If the fulcrum were to be replaced by an axle, they could (eventually) be moving at the same time, but the pole would not look like a spoke as it would be curved. (I'll leave someone else to work out the curvature of the pole given, say, a one light year length and a speed of propagation through it of 12000 m/s. Choose your own figure for cycles per light year and time, if any, to accelerate to this. )



** - This is a thought experiment. If we allow for an apparently (relatively ) static fulcrum have a light year away, we can allow for some serious force to be applied to one end of the pole.


----------



## RJM Corbet (Sep 20, 2011)

So how high will a pole-vaulter be able to clear with a light-year pole?

Bets paid out when he lands ...


----------



## PTeppic (Sep 20, 2011)

The material of the pole seems to be vital.

If my dodgy maths is right, if a 1km pole of graphene (1cm2 in area) were pushed with 1N force, the pole would compress by 10um. Which for a light-year length bar, seems to be around 95,000km. Wow.


----------



## Ursa major (Sep 20, 2011)

Impressive....


----------



## Metryq (Sep 20, 2011)

The universe will turn out to be much smaller than previously expected.

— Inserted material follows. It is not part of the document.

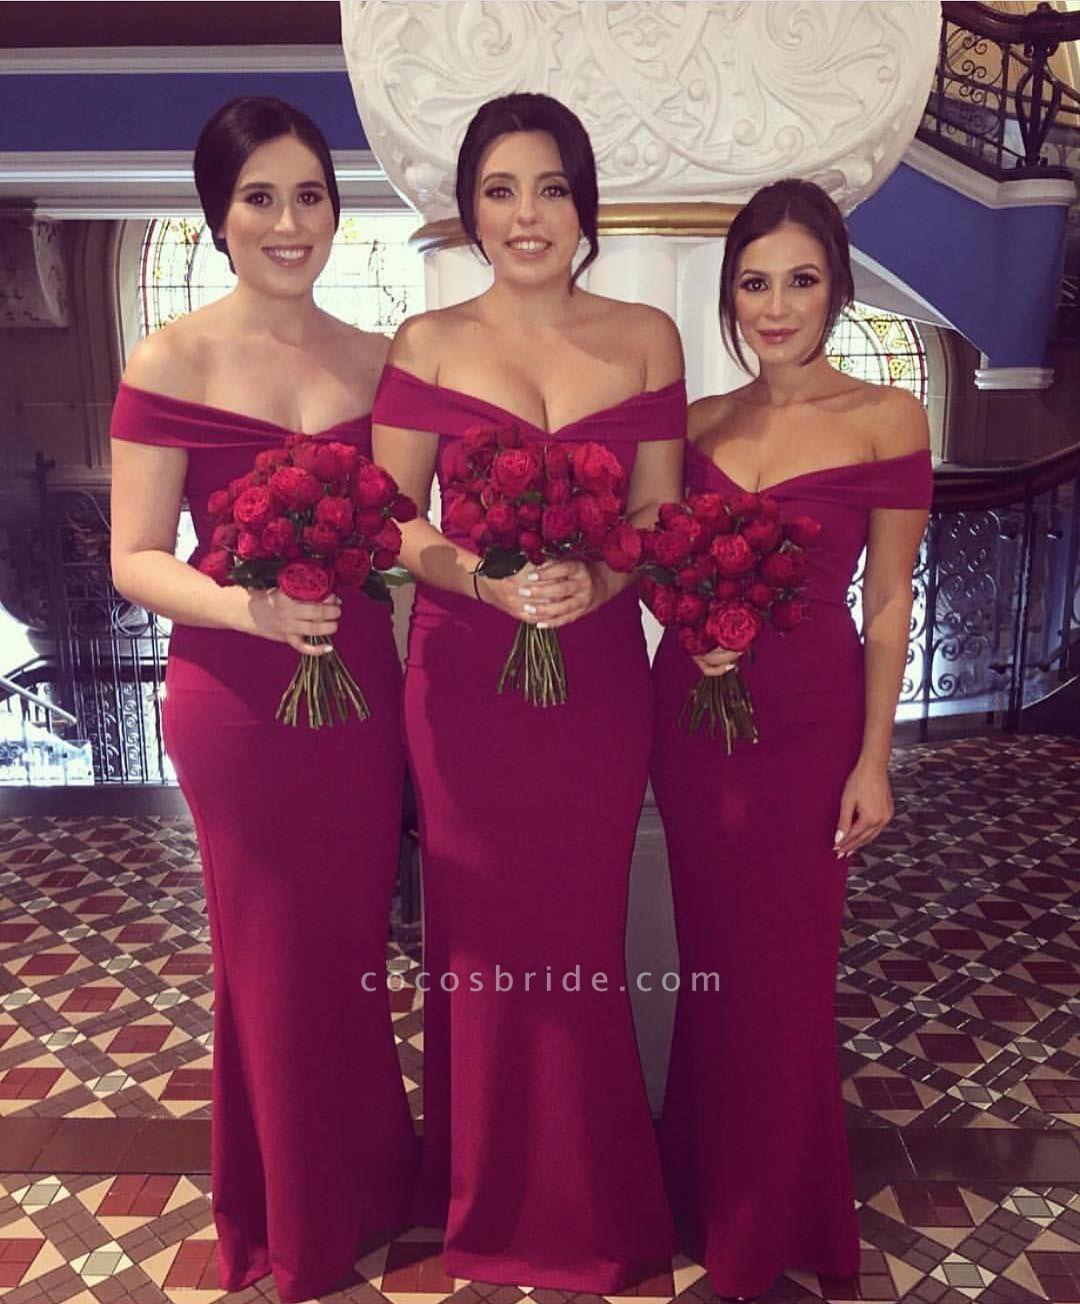 Burgundy Floor Length Form-fitting Bridesmaid Dresses | Cheap Maid of Honor Dresses

Thanks to an Asteroids-like "round space" effect, the person pushing the pole will merely poke himself in the back of the head.


----------



## TheTomG (Sep 30, 2011)

So, amusing that not long after this discussion started up, where the question of going faster than the speed of light is raised, there is a suggestion that neutrinos are perhaps doing this already:

http://sanfrancisco.ibtimes.com/articles/222081/20110929/faster-than-light-neutrinos-would-not-necessarily-prove-einstein-wrong-cern-theory-e-mc2-special-the.htm

So, now we can modify our thought experiment and say if we have a light year long pole made out of neutrinos....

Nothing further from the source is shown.